In five years, we might have this idea that your sensor is actually doing the compute as well. Why not burn into the actual CCD the way we laid out a feature extractor that says that this little camera module I'm giving you isn't a camera module in the sense that it's spitting out RGB, it's spitting out some learnt interesting representation, lower the dimensional representation, that is then useful for a neural network downstream without you having to have this 10 million parameter convolution neural network. That's just a really rambling answer to your question, Scott, but I think--
Scott: It was a rambling question, so that's okay.
Matt: To this idea of fusion, I think that's the most interesting thing. How do you find two bits of hardware that are close to each other that are serving a common goal and actually make them the same bit of hardware?
Scott: Hey, Andy, part of your job is to be a bit of a futurist and look at what are the potential industrial uses or where are these things being done now and what are the potential business implications for that? I guess the first thing, is this a future, you think? Is this something, or is this a practical reality now?
Andy: Yes — and Matt mentioned this earlier — I think the most common application for TinyML today is around wake word detection. For our smartphones, all of our voice assistants, they're using TinyML to listen to the audio stream and detect very, very few words, simple words. We all know what they are. I won't say them because all your phones will probably go off but that is an example of TinyML. It's embedded, there's dedicated hardware in our phones these days to do specific tasks like that. We're already seeing it. When we talk to people about TinyML, they're like, "I've never heard of that before."
When you explain how it's already part of their everyday lives, they all of a sudden realize it's something that's here today. It's not a futuristic thing. That's one example. Matt has been mentioning a few other examples that are starting to come out in industrial IoT applications for preventative maintenance and anomaly detection and these types of things. I think we'll begin to see more and more of this in the future where it's embedded in smartwatches and activity monitors and you can buy pillows that detect your sleep patterns and all of these sorts of things.
That's where we'll start to see more and more of these machine-learning models being deployed at the edge. It has its challenges, but it also has its advantages around privacy, latency, and all of these sorts of things. Imagine you can start to use models now to detect things that you probably wouldn't be comfortable sending to a third party or a cloud provider. Maybe it's health data or something about you that's inherently personal that you wouldn't want to share. All of a sudden we can start to use these very narrow specific devices to service those applications that maybe otherwise we wouldn't have a way of dealing with. I think we'll begin to see it more and more.
I think machine learning engineers will start to develop the skills that are appropriate for these types of applications. What I'm hopeful is that machine learning engineers don't always default to just deploying things into the cloud, and start to look for opportunities to deploy things closer to the edge. If it's on a microcontroller, fantastic. If it's on a phone, that's also really good as well because there's these unique user experiences that we can create with these models that otherwise wouldn't be possible because of latency and privacy and things like that.
Matt: Yes, as tooling gets better you just get more and more people thinking they've got a problem and the tooling's easy they'll just solve it.

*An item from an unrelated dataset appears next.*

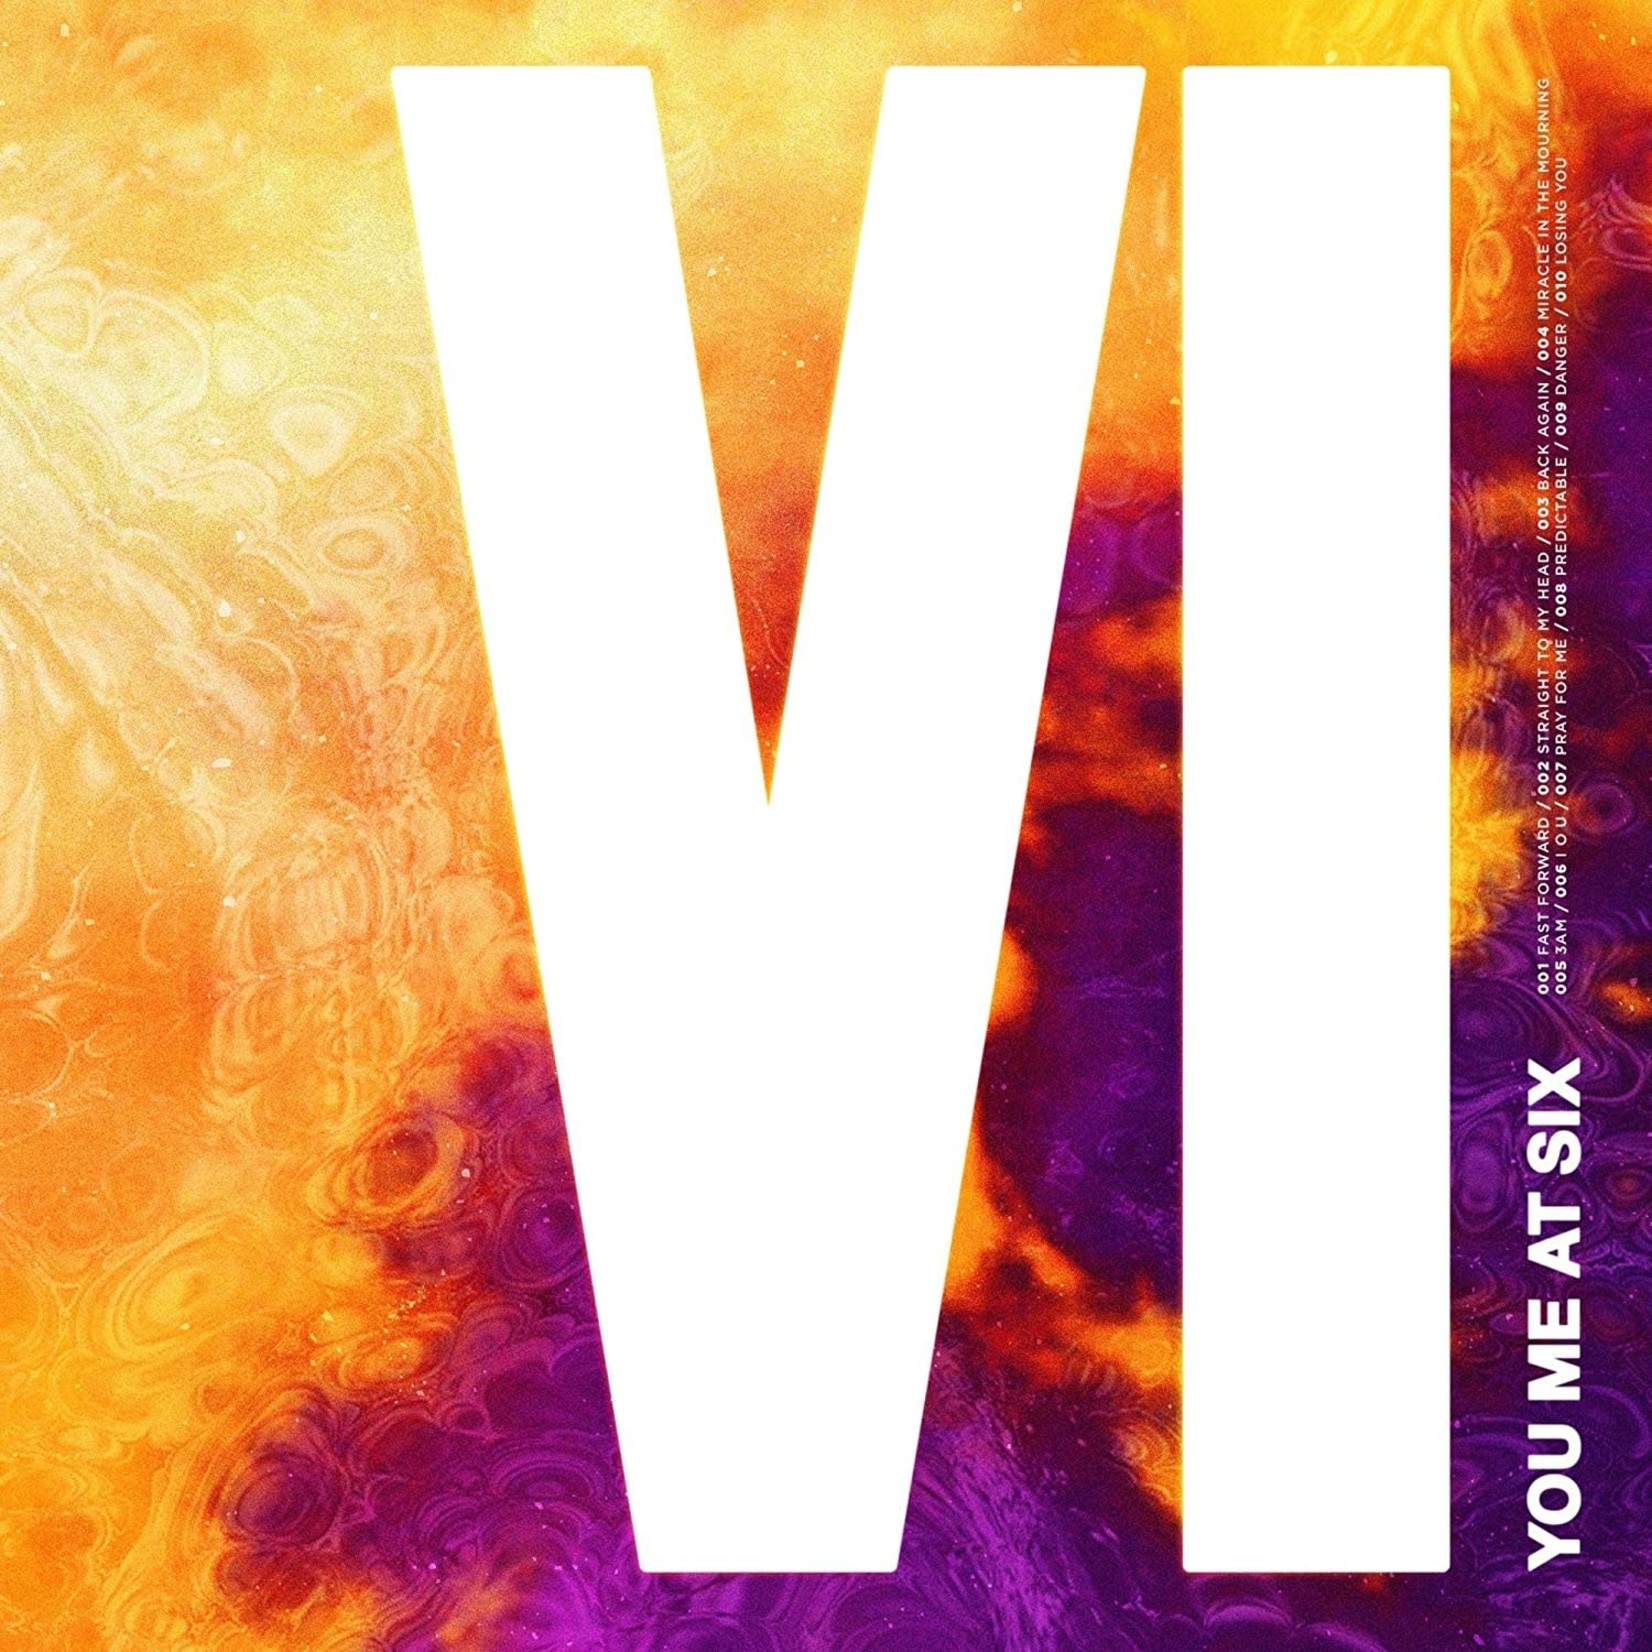 You Me At Six - VI [CD]

We have a really common use case which makes me laugh but if it works, it works. Where if you are retrofitting a large old industrial system that uses water pipes, for example, or gas pipes and you've got analog dials that are just literally sitting some old gauge, why not sticker vision model on it that literally reads the dial and then pings off as a digital thing, what the dial is reading? It sounds ridiculous but if it's trivial to do then [chuckles] why the hell not retrofit things if it cost $100 or something.

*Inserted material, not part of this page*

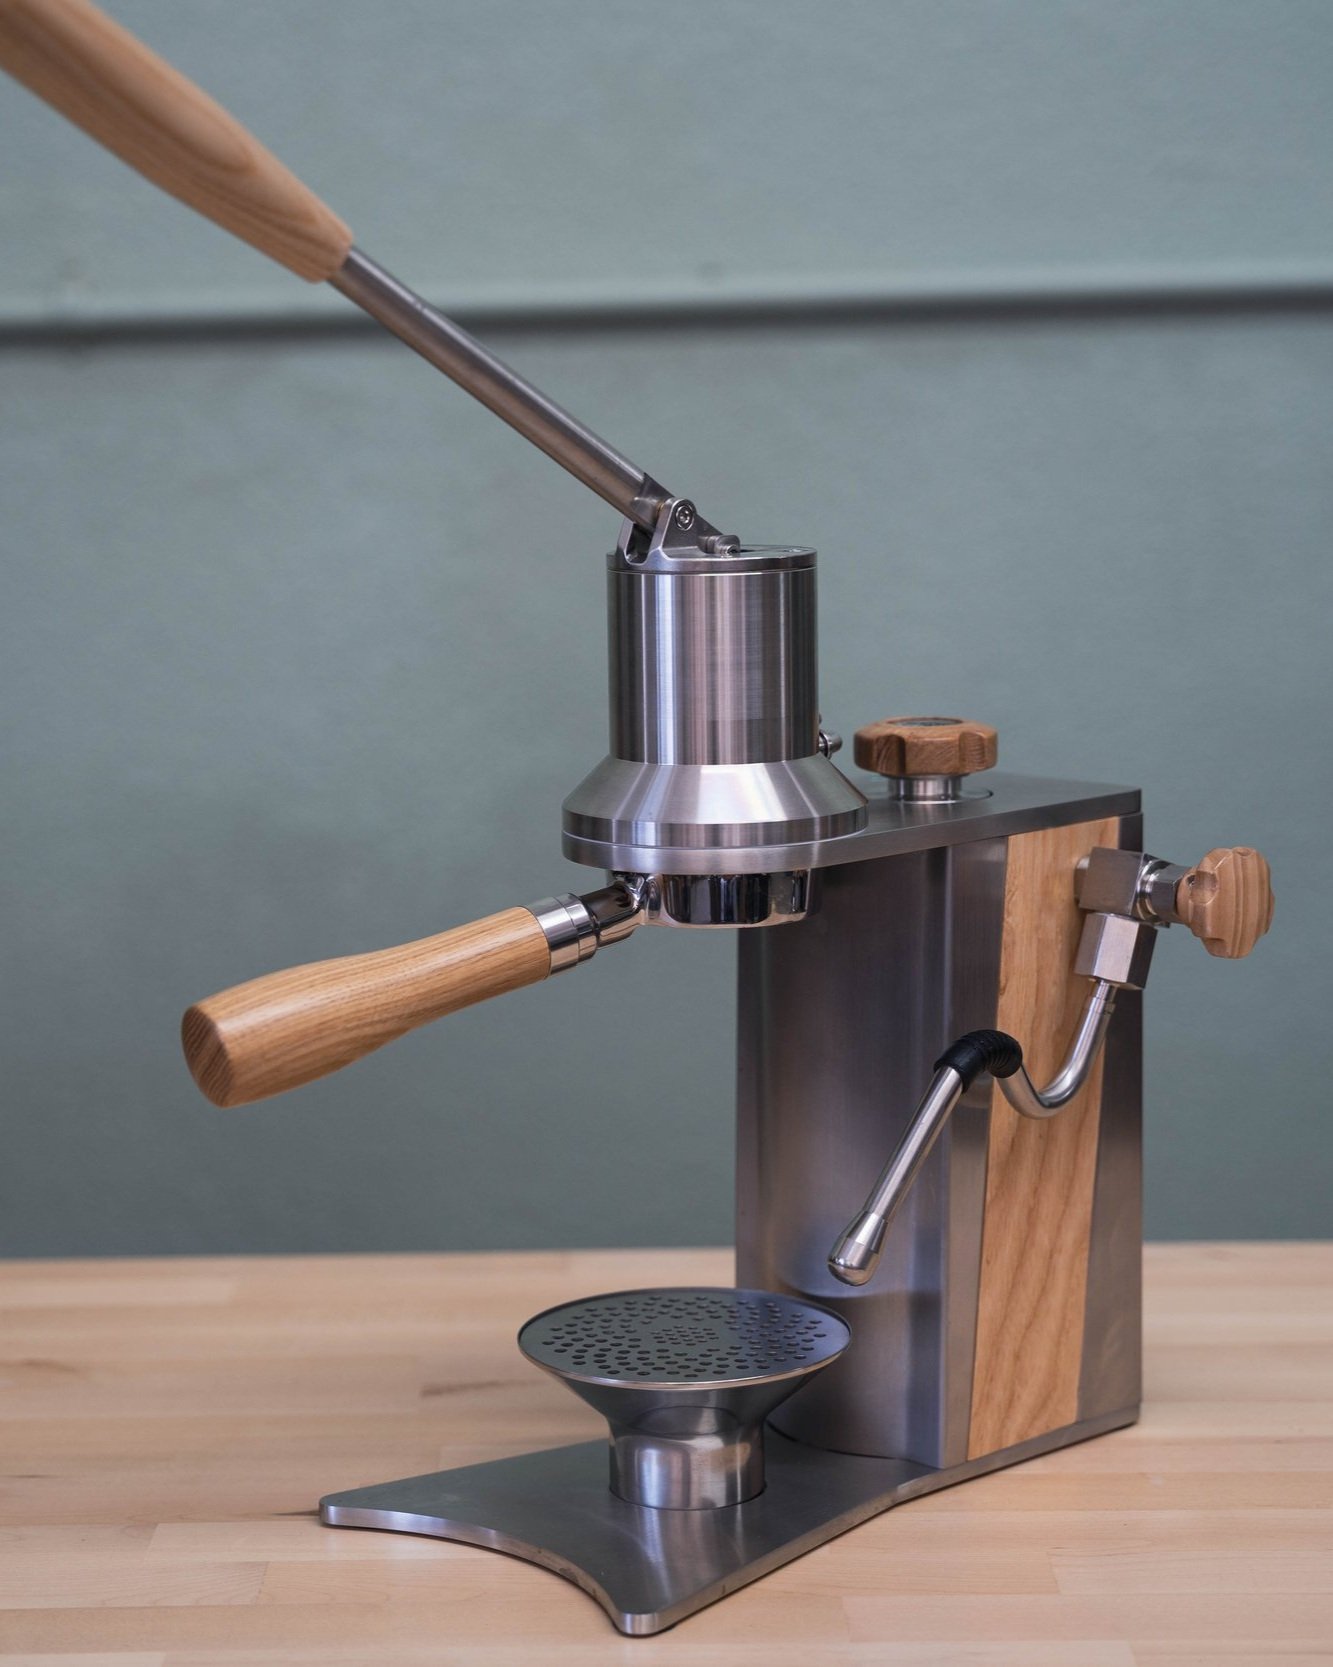 Lever Pull Manual Stainless Steel Espresso Coffee Machine Italian

These things, I love them in the sense that if you put your formal academic hat on, you're like, "That's ridiculous overkill. Why would you bother using a convolution net to do this?" It's like, "Well, actually, if it's really easy to do and really cheap and it adds value immediately, then why would you not do it?" I feel like the better tooling gets and the better the easier things become, then the more ridiculous ways people will work out to stick this stuff everywhere.
Scott: One of the things that we alluded to before was what you can accomplish with lots of these devices working together. It's fascinating to think about lots of these tiny smart devices working together to create some emergent behavior that is smarter than the sum of them put together. I know, Andy, you've talked about composable AI. Is that a similar concept?
Andy: Yes, for sure. The idea is that we have these small devices that do one very specific task well. If we can combine different types of devices together, we end up with these systems that are composed of small AI devices that create this more intelligent or more interesting thing. Again, cars are a great example of that. How we can have a sensor that detects whether it's dark outside or not to turn on the lights, we combine that with proximity sensors and all of these other sensors. All of a sudden we can start to create these eventually self-driving cars or even driver-assist features that together are really, really interesting.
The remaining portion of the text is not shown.